Dr Clarke, trained with a specialist Implantologist, uses the Bicon system. This implant procedure is often preferred for replacing missing teeth, as no other teeth need to be involved. The implant, made of titanium, takes the place of the root of your tooth. In a simple surgical procedure, the titanium implant is placed in to your jaw and during the healing phase, usually uneventful, the bone of your jaw grows together with the implant, a process known as “osseointegration”.This process is complete after three to four months, when a tooth can then be fitted to the implant.
Q1. Are dental implants safe and how long will they last?
Implants are a well-established, tried-and-tested treatment. Our preferred Bicon system is achieving a 96% success rate. With the right care, all modern implants should last for many years.
Q2. I have some of my own teeth, can I still have implants?
Yes. You can have any number of teeth replaced with implants – from one single tooth to a complete set.
Q3. Can implants always be used to replace a missing tooth?
It depends on the state of the bone in your jaw. If there is not enough, or if it isn’t healthy enough, it may not be possible to place implants. Though in many cases where your bone is not ideal, an initial procedure to build up the bone of your jaw is nearly always possible. This will add about four months to the length of treatment, to allow for the additional healing.
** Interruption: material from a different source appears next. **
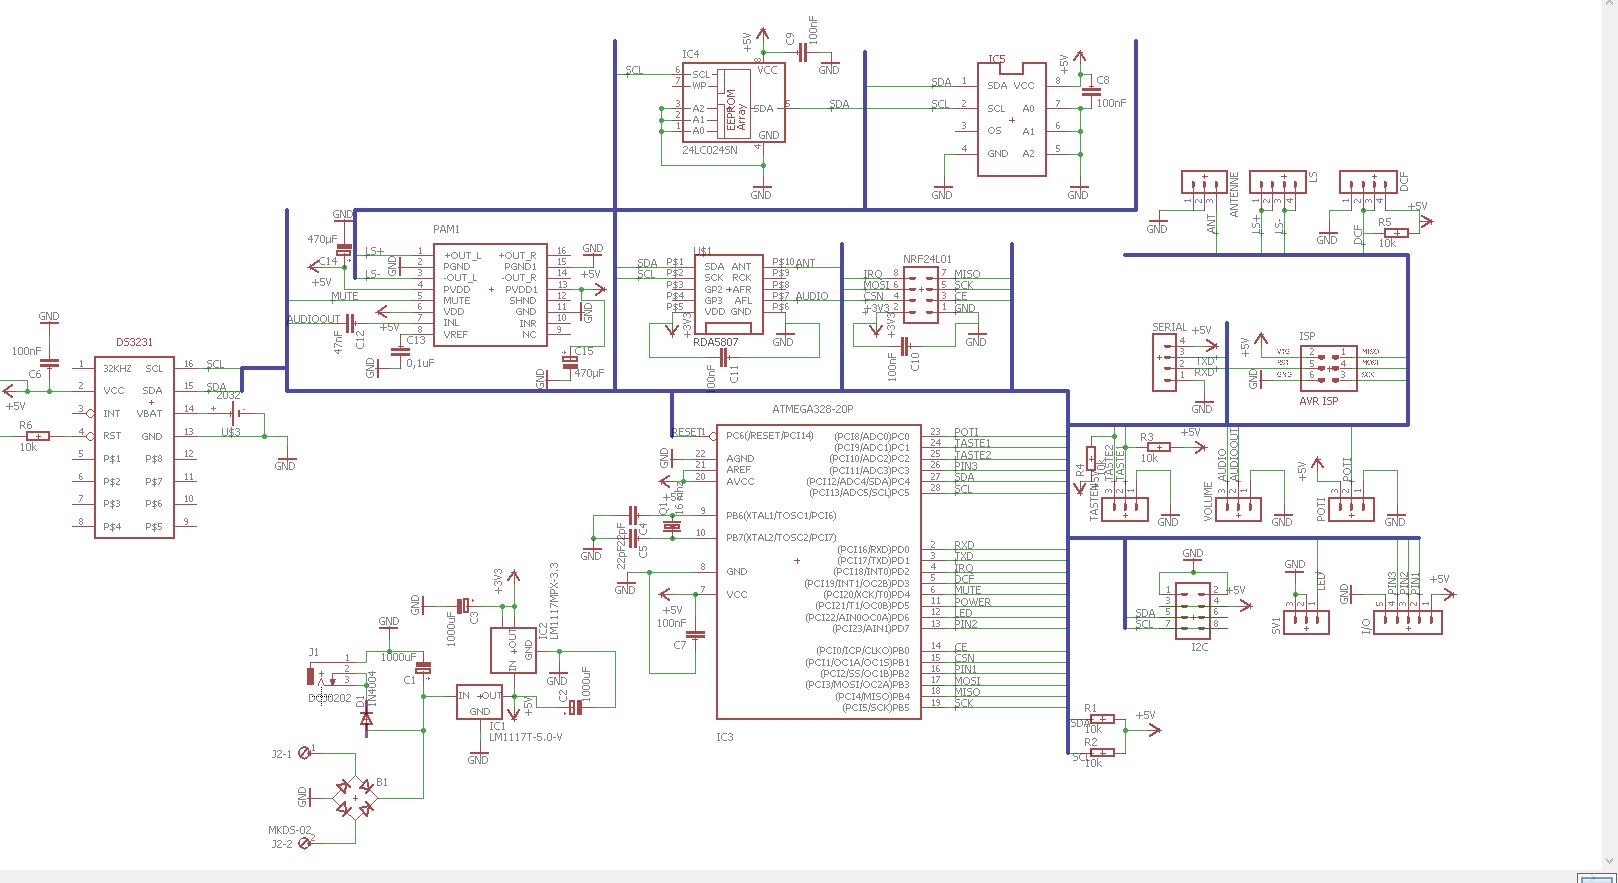 Passt das Layout? - Mikrocontroller.net
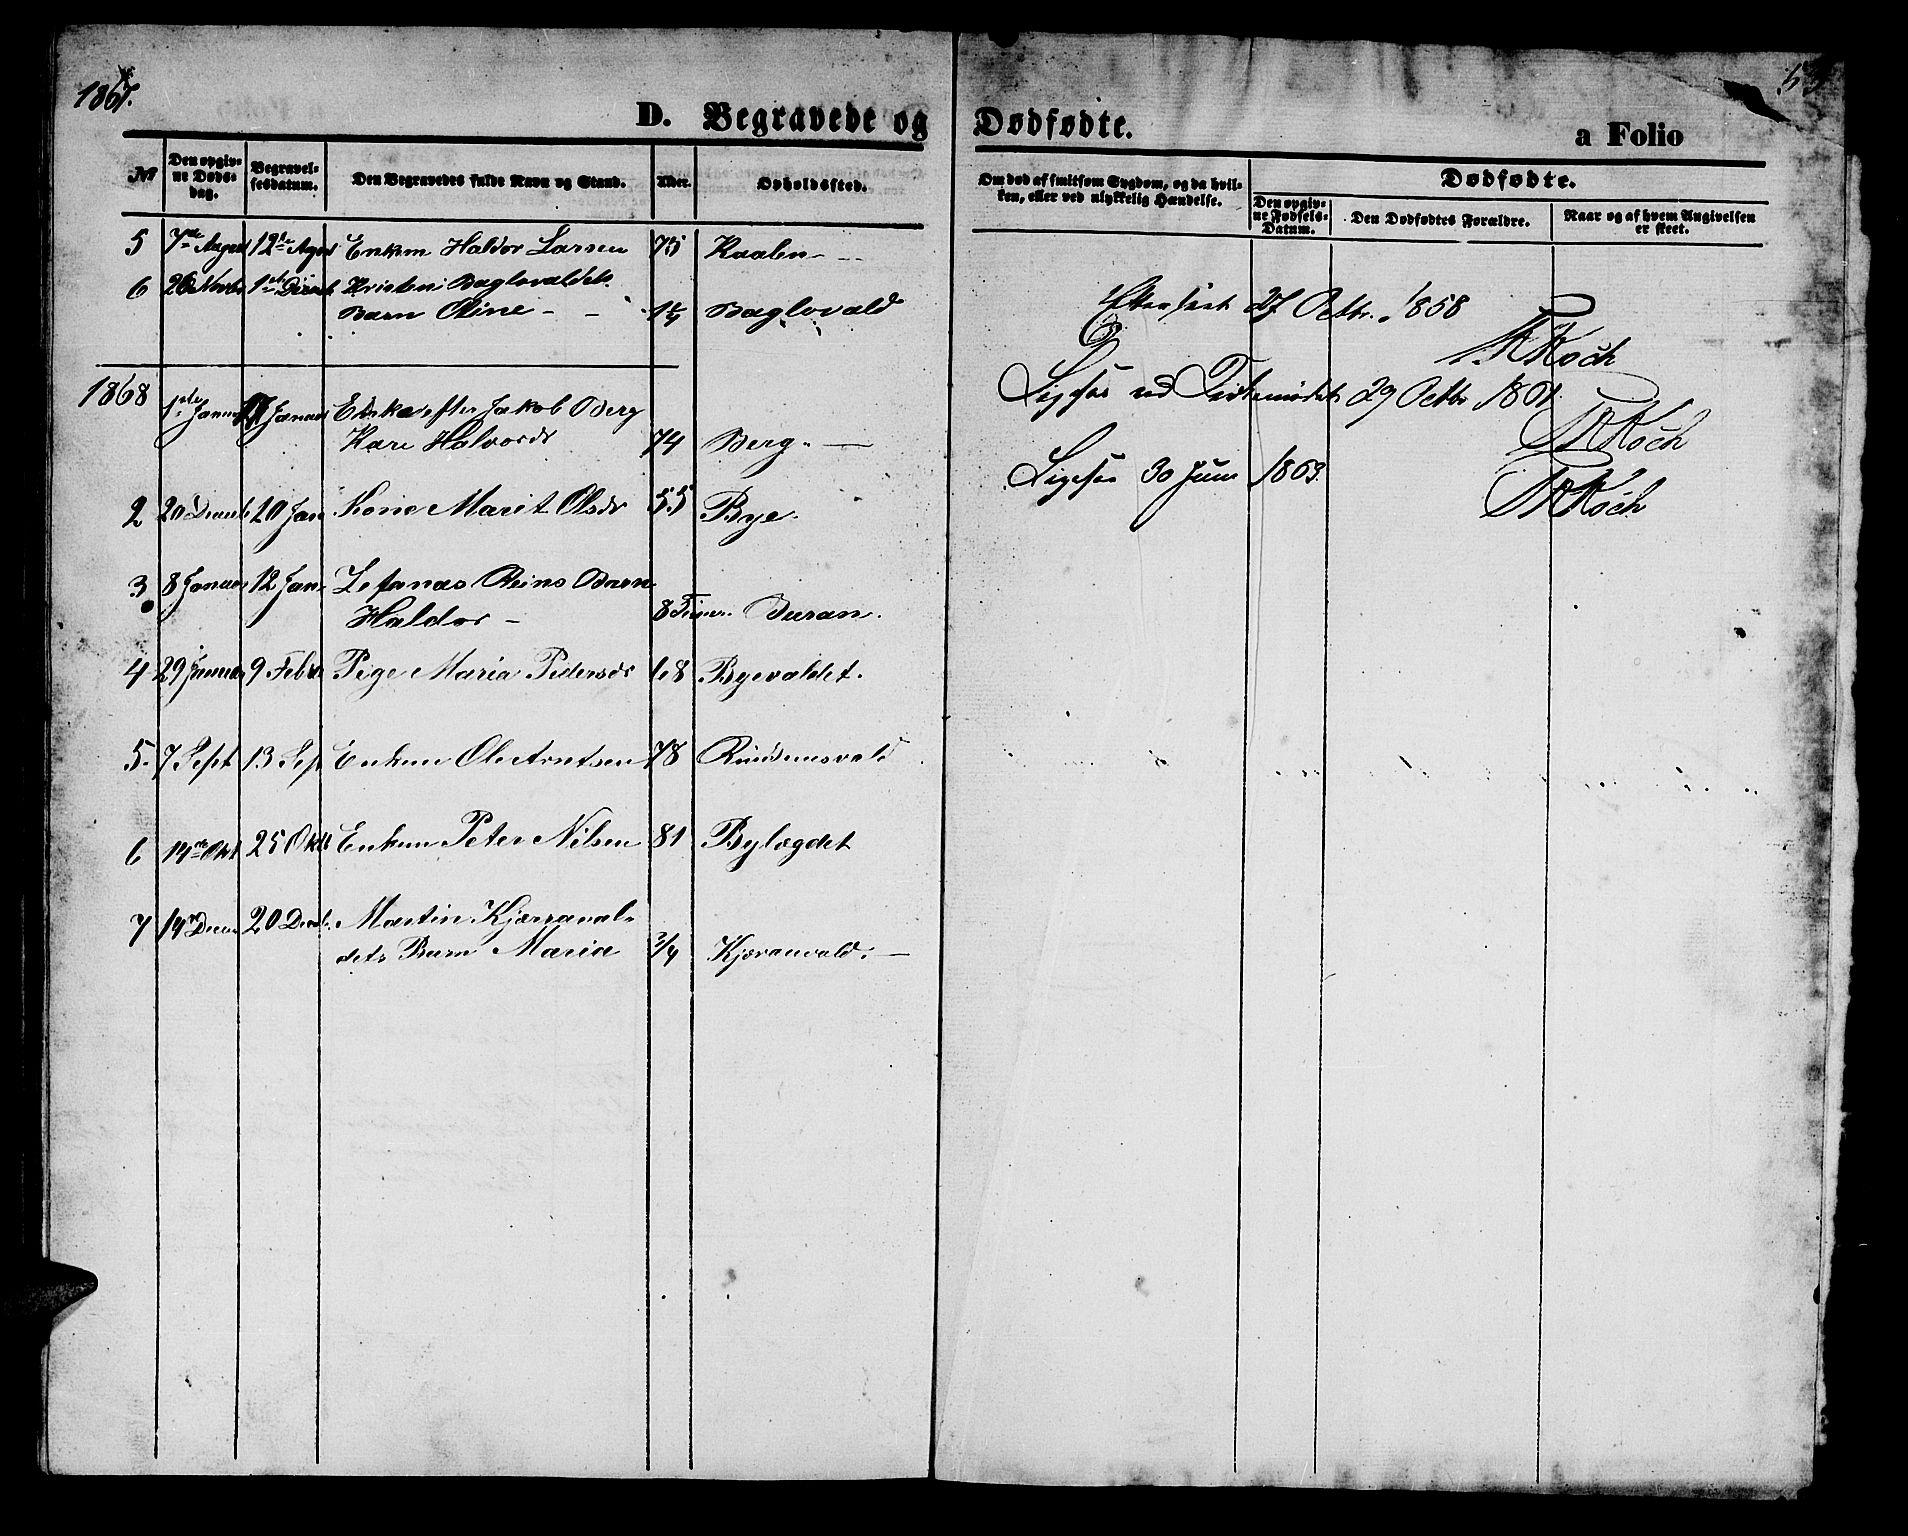 SAT, Ministerialprotokoller, klokkerbøker og fødselsregistre - Nord-Trøndelag, 726/L0270: Klokkerbok nr. 726C01, 1858-1868, s. 53

Q4. Are Implants uncomfortable?
Placing the implants requires a small operation. This can be done using a simple local anaesthetic. You may feel some discomfort during the week after the surgery. This is usually due to having stitches and the normal healing process. Once in function, the implant and the implant tooth are just like your own teeth.
Q5. How long does the treatment take?
We’ll be able to give you a rough timetable before the treatment starts. Usually the implants can be placed three to four months after the loss of your teeth; the teeth are fixed three to four months after the implants are placed. If cosmetically required, or if you are having several teeth replaced, a temporary bridge or denture can be made. If you already have a denture, then this can be worn throughout the healing period once modified after the surgery.
Q6. Does the implant show?
Your dentist will make sure that the implants won’t show during all normal movements of the mouth and lips. You will need to be able to see them, so that you can clean them properly.
Q7. Do I have an implant for each missing tooth?
This depends on the number of teeth missing and the implant system used for replacement
Q8. What happen if the implant does not bond together with the bone?
This happens very rarely. If the implant becomes loose during the healing period or just after, then it is easily removed and bone healing takes place in the normal way. Once the jaw has healed, another implant can be placed, or plans can be changed and a bridge made, using the implants that have ‘taken’ or preparing your own teeth for crowns.